Japanese burial mound

The Tsukazaki Kofun Cluster (塚崎古墳群) is a group of Kofun period burial mounds, located in the town of Kimotsuki, Kagoshima Prefecture Japan. The tumulus cluster was designated a National Historic Site of Japan in 1945, with the area under protection expanded in 2013, 2020 and 2024.

==Overview==
The Tsukazaki Kofun Cluster consists of five zenpō-kōen-fun (前方後円墳), which are shaped like a keyhole, having one square end and one circular end, when viewed from above, and 39 enpun (円墳) round tumuli. The cluster is located on the Shirasu Plateau and Tsukasaki Plateau at an elevation of 20 to 30 meters on the right bank of the Kimomi River at the northern foot of the Kunimi Mountain Range. It is located about three kilometers east of Kimotsuki Town Hall. More than ten underground horizontal cave tombs have been confirmed, in which the burial chamber is dug horizontally from the bottom of a vertical pit. This design was popular in the Ōsumi area around the 5th century. Therefore, it is thought that the entire group of tombs was constructed between the 4th and 5th centuries. However, no archaeological excavations have been performed on many of the tumuli in the cluster, including all of the keyhole-shaped tumulus, and so much remains unknown.

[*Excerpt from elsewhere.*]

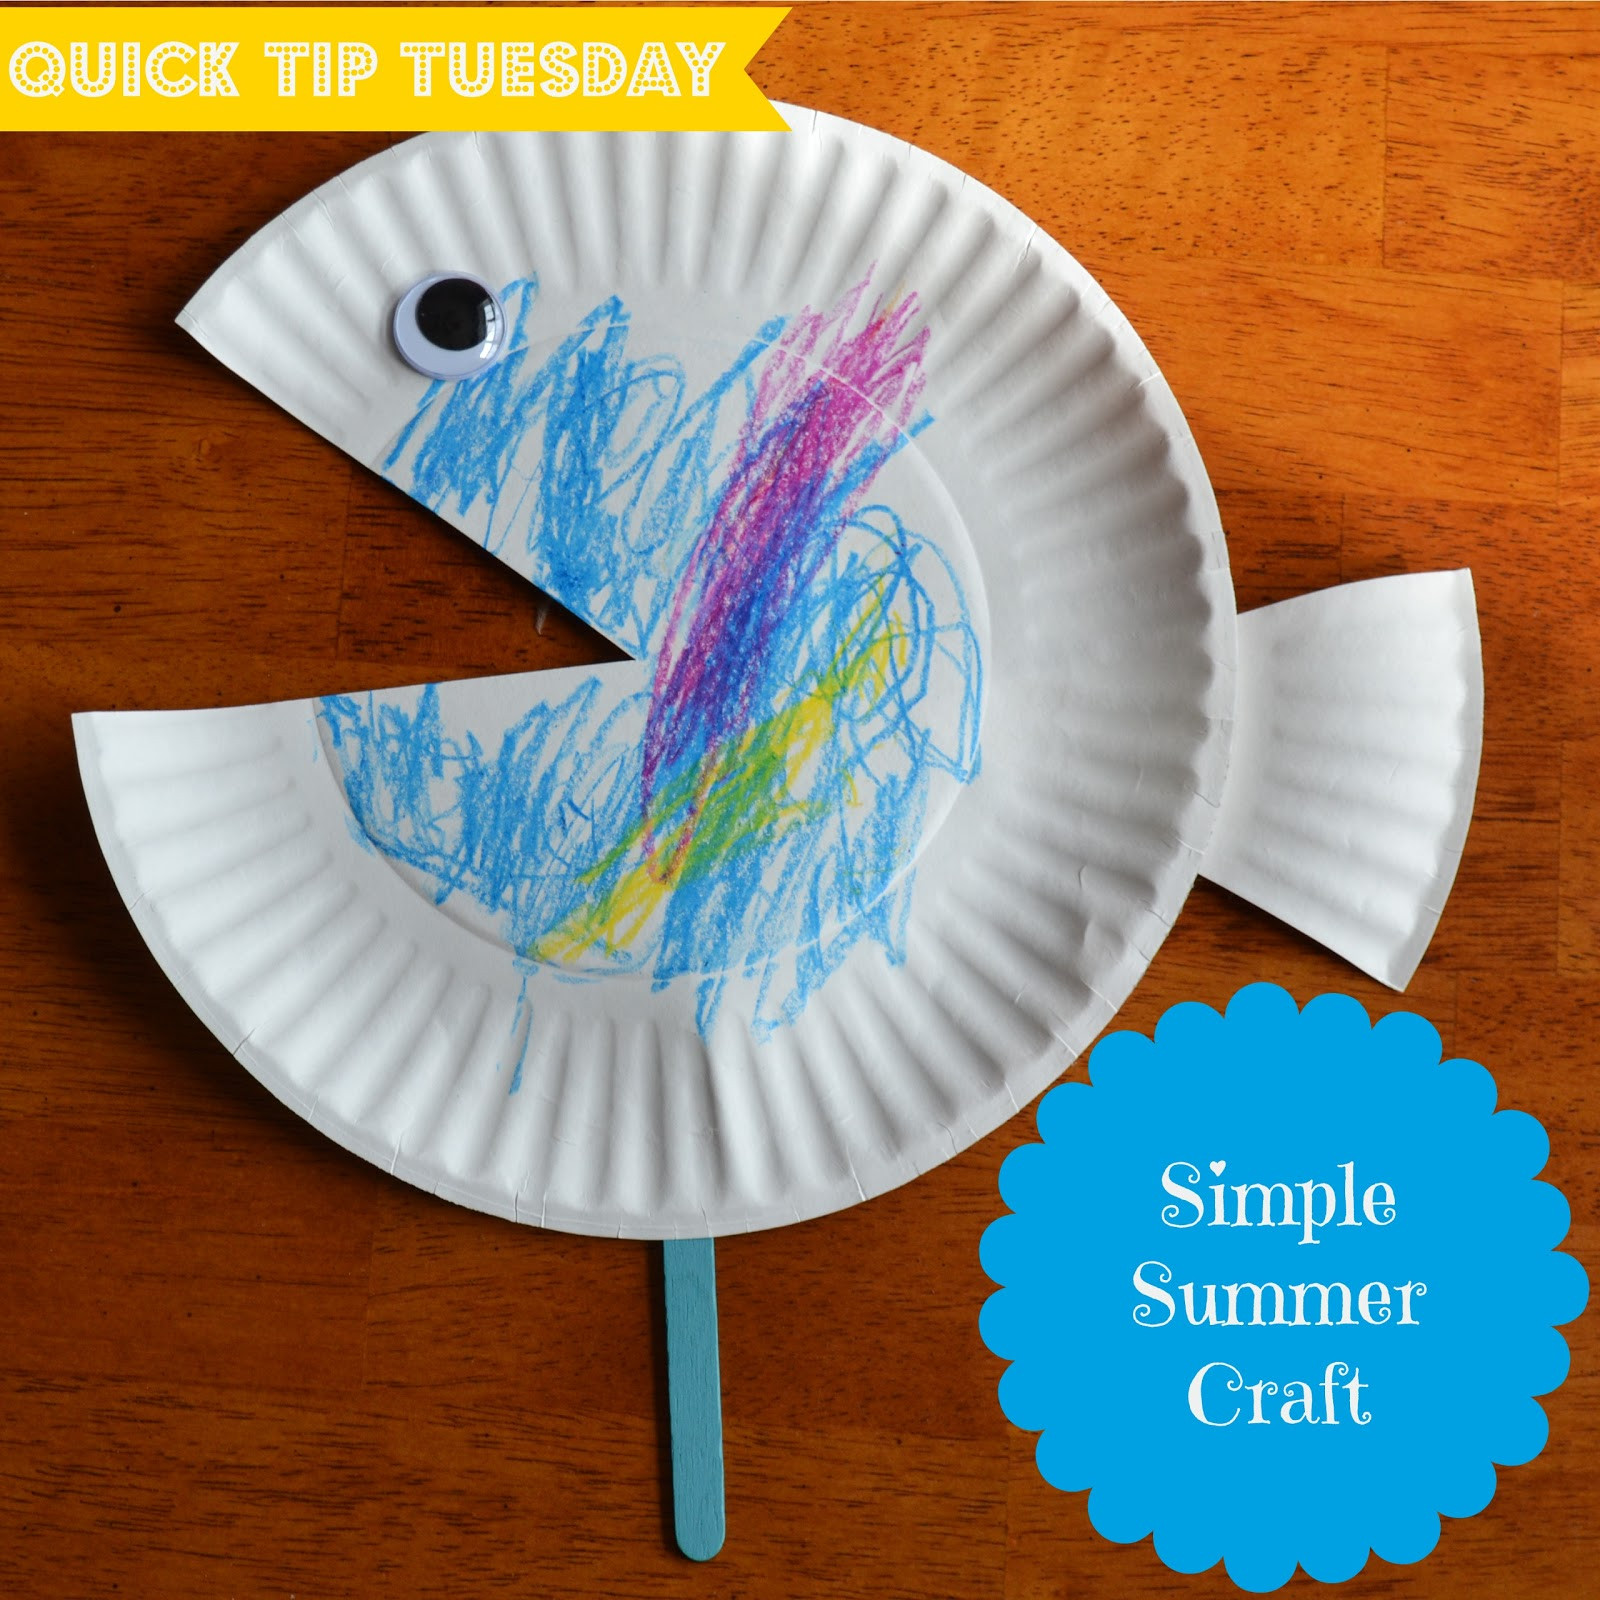 Simple Crafts For Preschool
 East Coast Mommy Quick Tip Tuesday 5 Simple Summer Craft

Kofun No.39, also known as the "Hanamure Kofun", is the southernmost zenpō-kōen-fun in Japan. It has a total length of approximately 66 meters and a height of ten meters, and was constructed by shaping the tip of a small natural hill. Fukiishi has been found on top of the mound. Kofun No. 25 contains a small round-bottom pot and earthenware stand that is presumed to have been used for burial rituals. Kofun No. 18 contained similar pot-shaped clay pottery, and Kofun No. 31 had Haji ware and Sue ware thought to have been obtained from the Kinai region.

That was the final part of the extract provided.